Jade Brooksbank, residential property disputes practitioner is warning landlords to be wary of complex tenancy deposit laws as a result of a landmark national case.
In the recent case of Superstrike vs Marino Rodrigues, the tenant's fixed assured shorthold tenancy rolled into a statutory periodic tenancy. As the original tenancy was created before the introduction of mandatory tenancy deposit protection laws in April 2007, the landlords did not protect the deposit as they were under no obligation to do so.
The statutory periodic tenancy began after the introduction of the legislation.
When the landlords came to serve a Section 21 notice to end the tenancy, they were told they did not have the right to do so and that the notice was invalid because they had not complied with the new tenancy deposit regulations.

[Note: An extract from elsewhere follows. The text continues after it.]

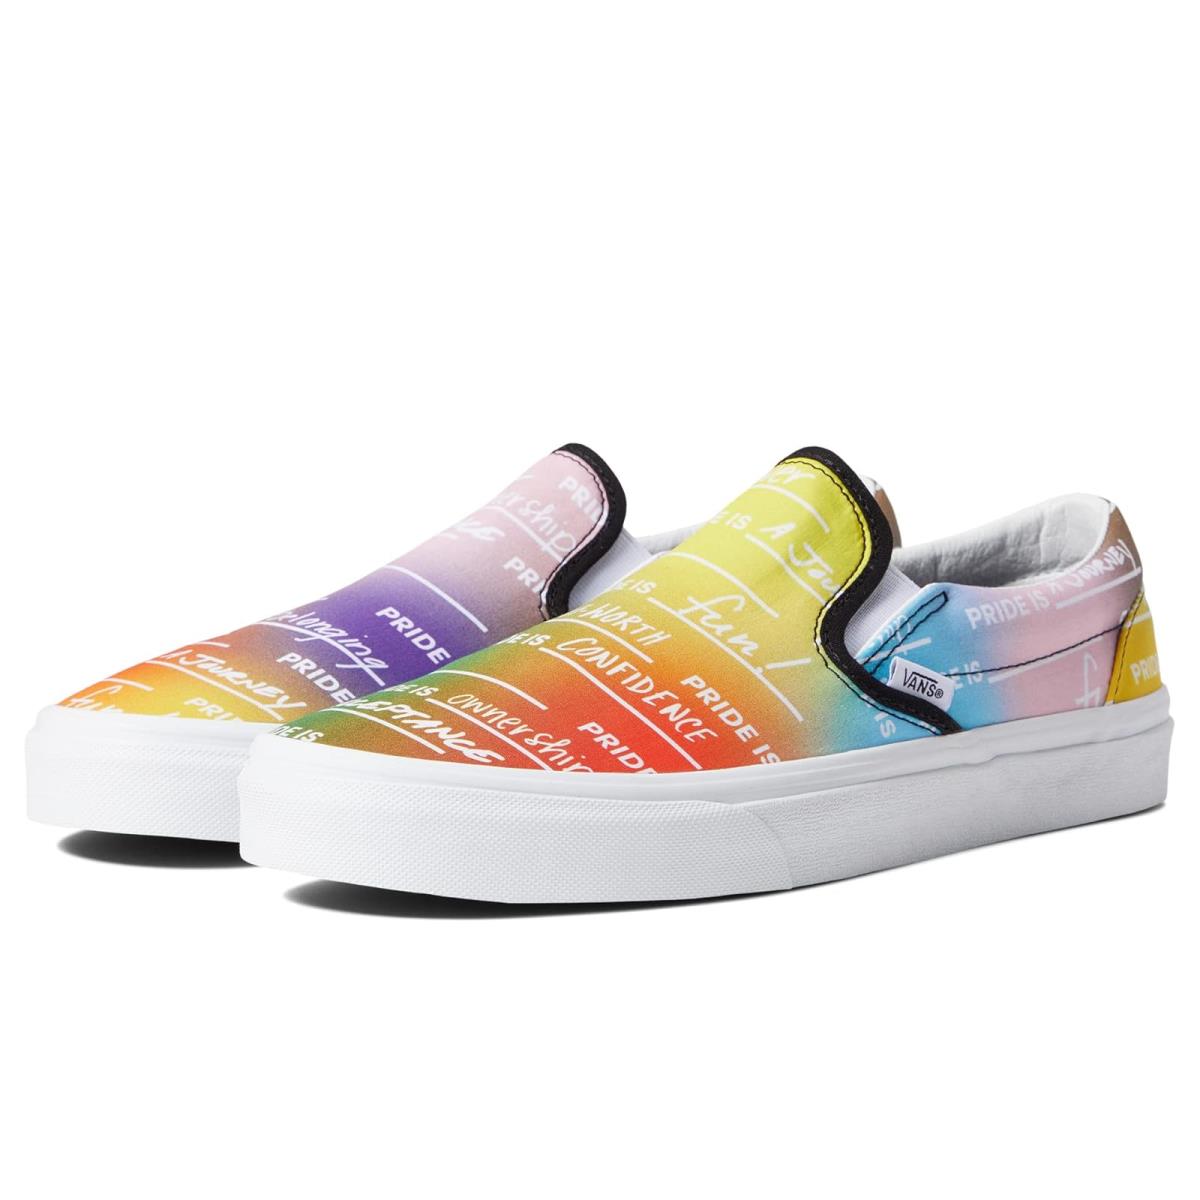 Unisex Sneakers Athletic Shoes Vans Vans X Pride Sneaker Collection (Pride) Rainbow/True White (Classic Slip-On)

The Court of Appeal ruled in favour of the tenant, stating that the statutory periodic tenancy created a new agreement, and as such, the deposit should have been protected and the prescribed information should have been served again.
Jade Brooksbank, residential property disputes practitioner says that many landlords are not aware of the impact this ruling may have. "This case dealt with a tenancy agreement which began before the introduction of the tenancy deposit rules. However, as this case confirms that a statutory periodic tenancy is a new tenancy, the question remains whether deposits that have already been protected need re-protecting and whether the prescribed information needs to be re-served whenever a statutory periodic tenancy is created. Although these issues were not addressed within the Superstrike case it is something which needs to be considered."
"Unfortunately, as a result of this ruling, if the Court were persuaded that the already protected deposits and prescribed information needed to be re-protected and re-served, then many landlords will have less power to recover possession of their property and could be subject to a financial penalty of up to three times the amount of the deposit."
"In view of the obvious risks of refunding a deposit to a tenant in occupation, it is likely most landlords will take the risk. As a precautionary measure, landlords could minimise their risks by writing to the tenant within 30 days of the end of the fixed term to confirm the location of the deposit and could re-serve the prescribed information."